月の魚(3)
■「月魚 (文庫)」 著:三浦しをん
古書店『無窮堂』の若き当主、真志喜とその友人で同じ業界に身を置く瀬名垣。二人は幼い頃から、密かな罪の意識をずっと共有してきた―。瀬名垣の父親は「せどり屋」とよばれる古書界の嫌われ者だったが、その才能を見抜いた真志喜の祖父に目をかけられたことで、幼い二人は兄弟のように育ったのだ。しかし、ある夏の午後起きた事件によって、二人の関係は大きく変っていき…。透明な硝子の文体に包まれた濃密な感情。月光の中で一瞬魅せる、魚の跳躍のようなきらめきを映し出した物語。

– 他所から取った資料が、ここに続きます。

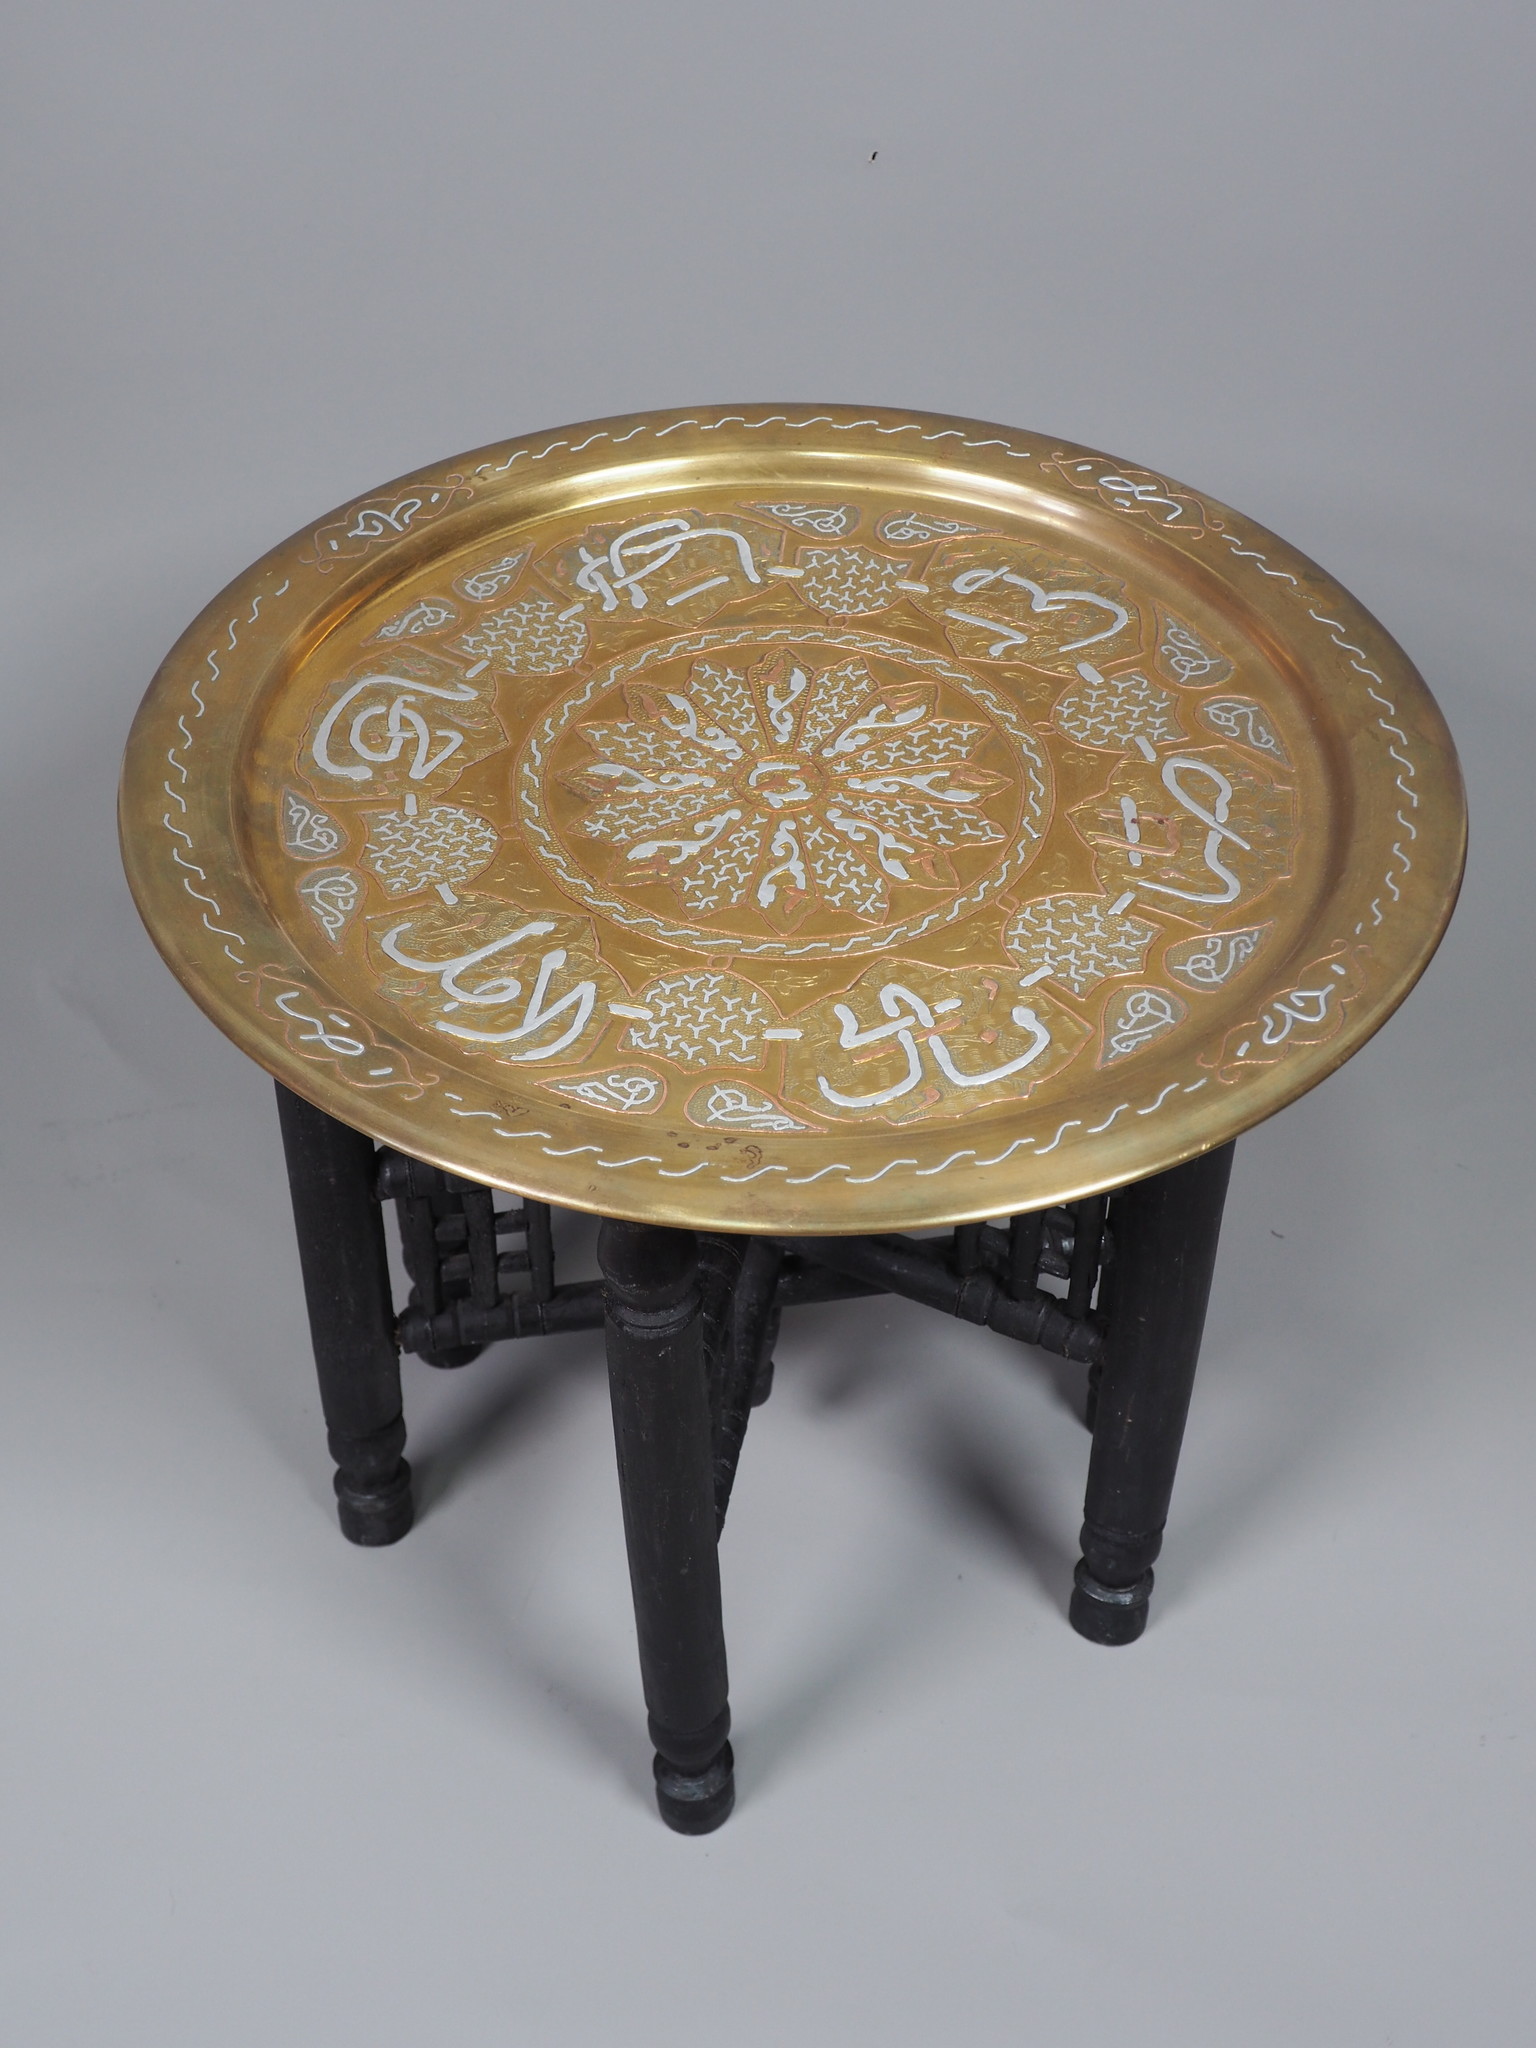 45 cm Antique ottoman orient Islamic  Hammer Engraved Brass table Tray Syria Morocco, Egypt Mamluk Cairoware with arabic calligraphy 21/3

●三浦しをん 1976年、東京生まれ。早稲田大学卒。就職活動中に才能を見出され、2000年、長篇小説『格闘する者に○』でデビュー。Boiled Eggs Onlineにて「しをんのしおり」を連載中。
■「月の魚」
フグ目の魚マンボウは、英名をOcean sunfish(海の太陽魚)、仏名をPoisson lune(月の魚)といいます。体は卵形で、よく側扁する。胸鰭は丸い。尾鰭はなく、尾鰭のように見えるのは舵鰭(だき)と呼ばれ、これは丸い。
マンボウ科は世界に3属3種、マンボウ、ヤリマンボウ、クサビフグがいるが、この全種が日本にも分布する。全長3mに達するが、皮が厚く、肉の量は少ない。肉は白身でやわらかく淡泊、新鮮なものは美味しいが、鮮度が落ちると生臭くなるため、地元で食べられることが多い。マンボウの腸など、内臓も喜ばれる。